Workforce and Economic Development is responsible for funding that comes from the Pennsylvania Department of Labor to be used for employers and job seekers in the county. Recently, an Aim and Attain grant was received, allowing individuals who previously dropped out of college to return to Bucks County Community College at no cost. Barnes highlighted one recipient of the grant, a single mother, to show its impact.

“When I tell you, it has changed her life. It put her back on the track to complete her degree. She’s due to graduate next year in 2025 and she already has employment lined up once she can present that credential,” said Barnes.

In her daily work, Barnes tries to adhere to MLK’s teaching that serving others is of great importance: “I’m just lucky that through my job, that I’m serving. I’m serving everyday.” 

She’s also thrilled about being honored as a 2024 awardee. In the day-to-day grind of things, she admitted that it’s hard to tell sometimes if she’s doing a good job. But moments like this help her realize that she is: “It lets me know that, one, we’re accomplishing some things, and two, folks are seeing the positive work that we’re doing in the community and we’re making changes, and a little tap on the back every now and then is just, it gives you a boost.”

Tynes, one of the area’s youngest executives, worked his way from the retail side of banking to the marketing and community relations side, which he finds extremely rewarding. In his role at Penn Community Bank, Tynes has overseen the creation and implementation of numerous products and services to address the needs of low- to moderate-income and historically underserved individuals and families. 

He also leads the bank’s community investment and philanthropic strategy, serving as executive director of the Penn Community Bank Foundation, which contributes more than $1 million annually to nonprofits across the region.
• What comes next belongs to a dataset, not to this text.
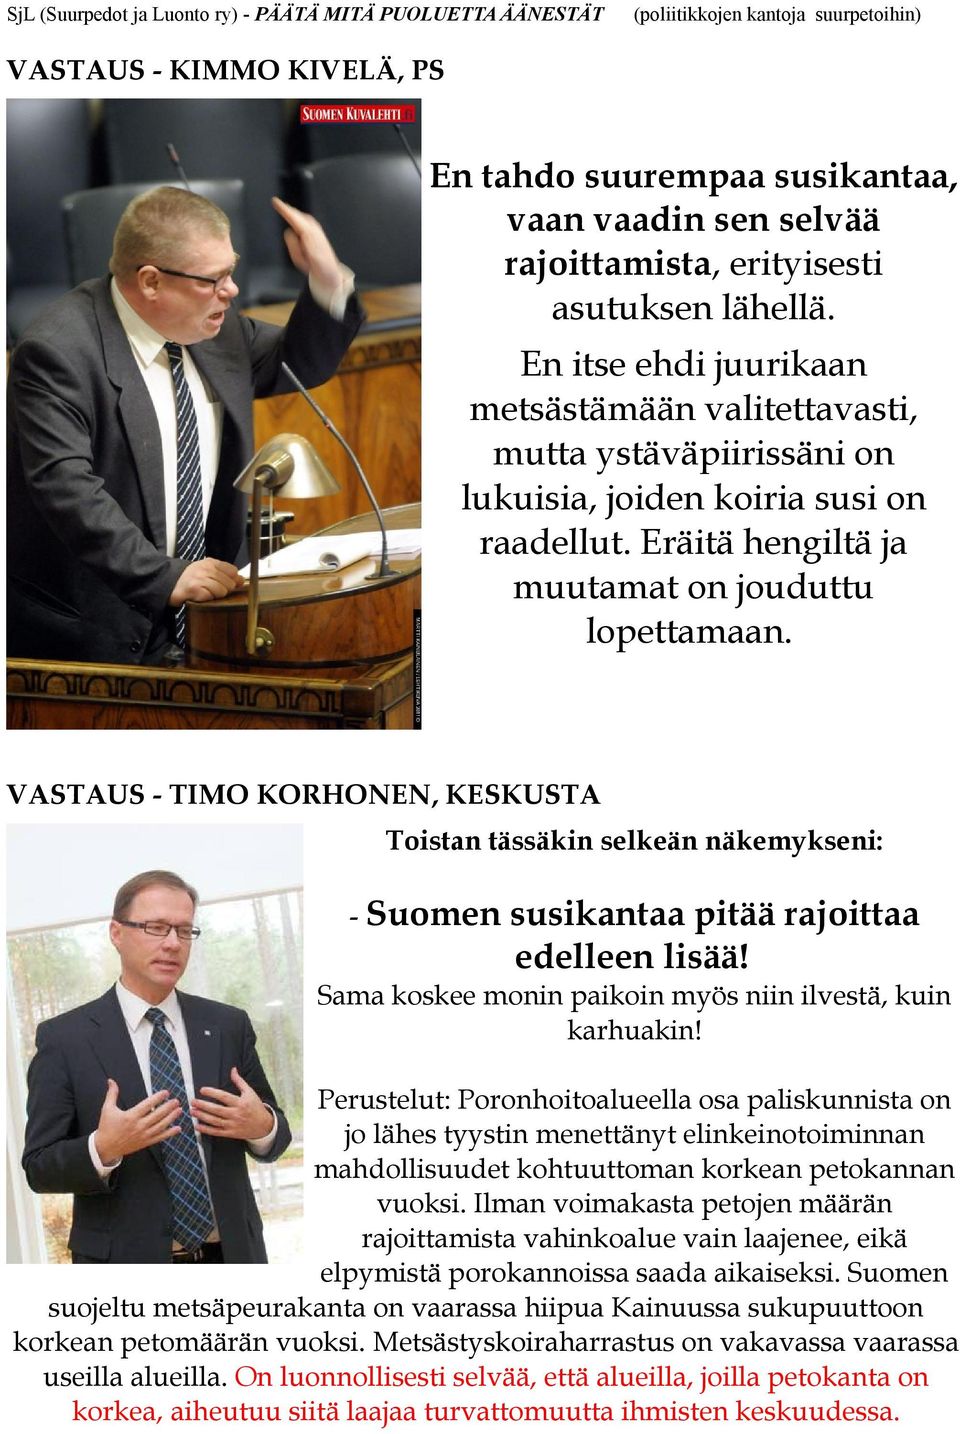 VASTAUS - TIMO KORHONEN, KESKUSTA Toistan tässäkin selkeän näkemykseni: - Suomen susikantaa pitää rajoittaa edelleen lisää! Sama koskee monin paikoin myös niin ilvestä, kuin karhuakin!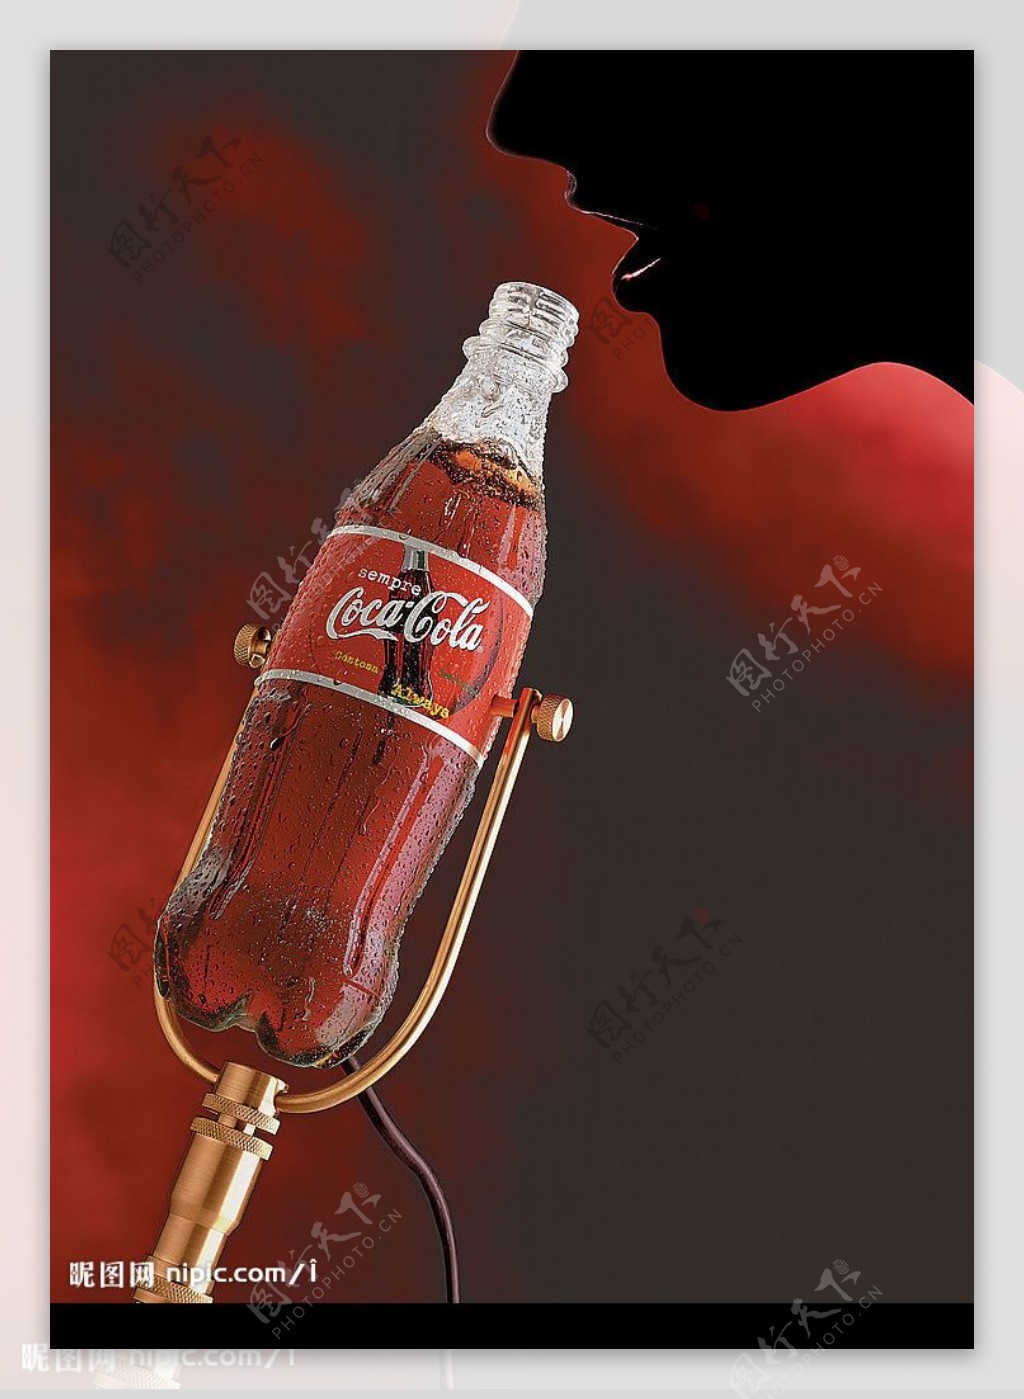 可口可乐创意宣传广告图片

Additionally, he serves on the foundation board of Bucks County Community College, United Way of Bucks County’s board and smaller boards throughout the county and state.

For Tynes, the work of MLK has motivated him since he was a child, especially the fight for racial equality and the courage that it took to stand up for it. He’s honored to be recognized by Bucks as an MLK Leadership honoree.

“It certainly is a privilege to be named that. And what it really does, it motivates me to continue to strive to do more for the community that I serve,” he said. “It truly is humbling and inspiring, and reminds me of that kind of ‘courage’ word. What do I need the courage to do next? It causes me to think about my next moment.” 

Lukoss, who started as a case manager with Bucks County Opportunity Council 23 years ago, enjoys helping residents lead fuller lives. This is done by connecting them to needed resources to not only have their basic needs met, but allow them to thrive in the community. She recalled one BCOC client, a single, homeless mom with no family support, who dreamed of being a nurse. A plan was developed and, in a few years, she graduated from an LPN program. In fact, Lukoss and BCOC workers attended the graduation ceremony. They were her “family” that showed up.

“It’s what BCOC does. We get behind you. We’re the cheerleader, and we help you move forward and help you achieve your goals,” said Lukoss. “She always had it in her. She always could do it. But she just needed the support to get there.”

A quote of MLK’s — “To take the first step in faith, you don’t have to see the whole staircase, just take the first step” — was used by Lukoss to drive home the mission of BCOC, which helps those in need take that leap of faith. And if they fall down a few stairs, BCOC will be there to catch them. 

Similar to Barnes, Lukoss sees her MLK Leadership award as proof that BCOC is doing its job and continuing to serve as a resource for people.